Средний прибыль второго региона: 518259493.69732493
Начало 95%-ого доверительного интервала второго региона: 128123231.43308629
Конец 95%-ого доверительного интервала второго региона: 953612982.0669085
Риск убытков второго региона, %: 0.3


In [34]:
values3 = []
for i in range(1000):
    sample_target3 = target_valid3.sample(500, replace = True, random_state = state)
    sample_predictions3 = predictions_valid3[sample_target3.index]
    revenues = revenue_formula(sample_predictions3, sample_target3, 200)
    values3.append(revenues)
values3 = pd.Series(values3)
vmean3 = values3.mean()
lower3 = values3.quantile(0.025)
upper3 = values3.quantile(0.975)
risk3 = (values3<0).mean() * 100
print("Средний прибыль второго региона:", vmean3)
print("Начало 95%-ого доверительного интервала второго региона:", lower3)
print("Конец 95%-ого доверительного интервала второго региона:", upper3)
print("Риск убытков второго региона, %:", risk3)

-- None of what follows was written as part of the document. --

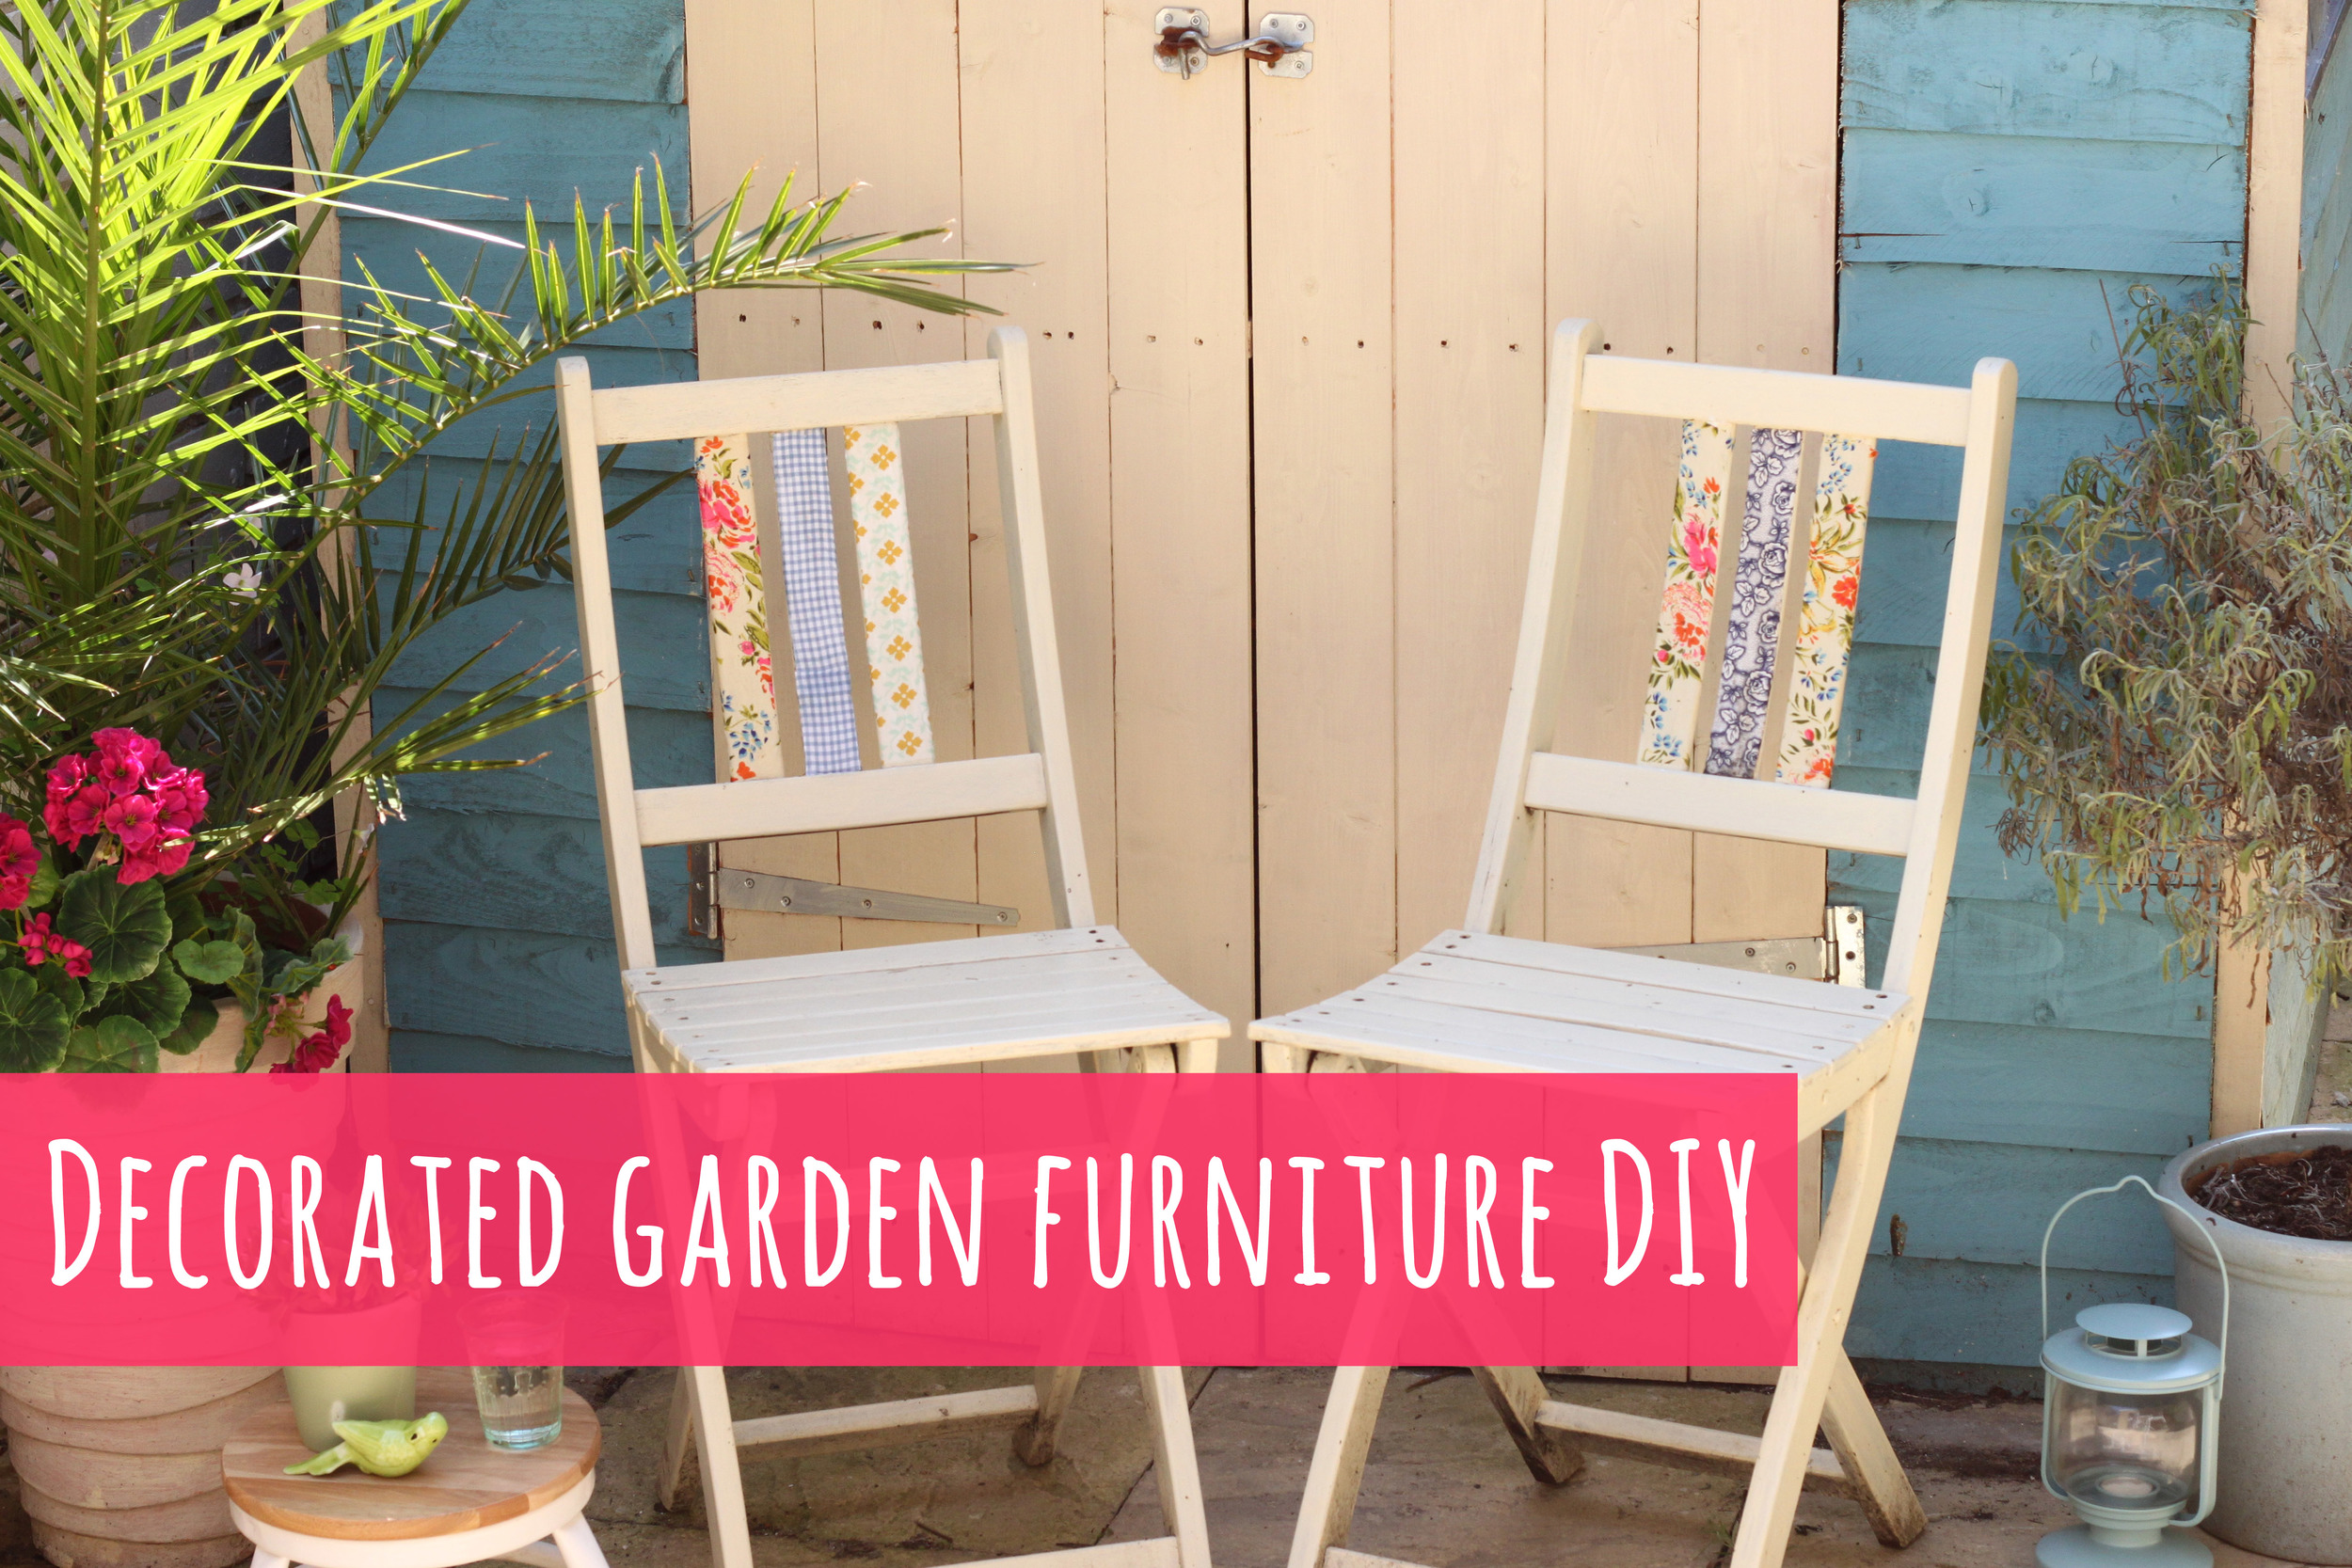 garden chair tumbnail.jpg

Средний прибыль второго региона: 420194005.34405005
Начало 95%-ого доверительного интервала второго региона: -115852609.16001143
Конец 95%-ого доверительного интервала второго региона: 989629939.844574
Риск убытков второго региона, %: 6.2


In [35]:
results['средняя прибыль'] = [vmean1, vmean2, vmean3]
results['риск убытков, %'] = [risk1, risk2, risk3]
results

Unnamed: 0,регион,mean предсказанного сырья,RMSE,mean всего сырья,средняя прибыль,"риск убытков, %"
0,geo_0,92.592568,37.579422,92.5,425938500.0,6.0
1,geo_1,68.728547,0.893099,68.825,518259500.0,0.3
2,geo_2,94.965046,40.029709,95.0,420194000.0,6.2


As noted earlier when comparing the RMSE and the average stock of predicted raw materials, the results of profit and risk calculations highlight the second region with the highest average profit and the lowest risk among all regions.  The first and third regions have similar indicators of average profit and risk, and at the same time, both of them do not pass the established threshold of 2.5% in terms of risk.  The second region has a risk of 0.3%, which is significantly less than the established threshold.

We recommend the second region with geo_data_1 data for further drilling.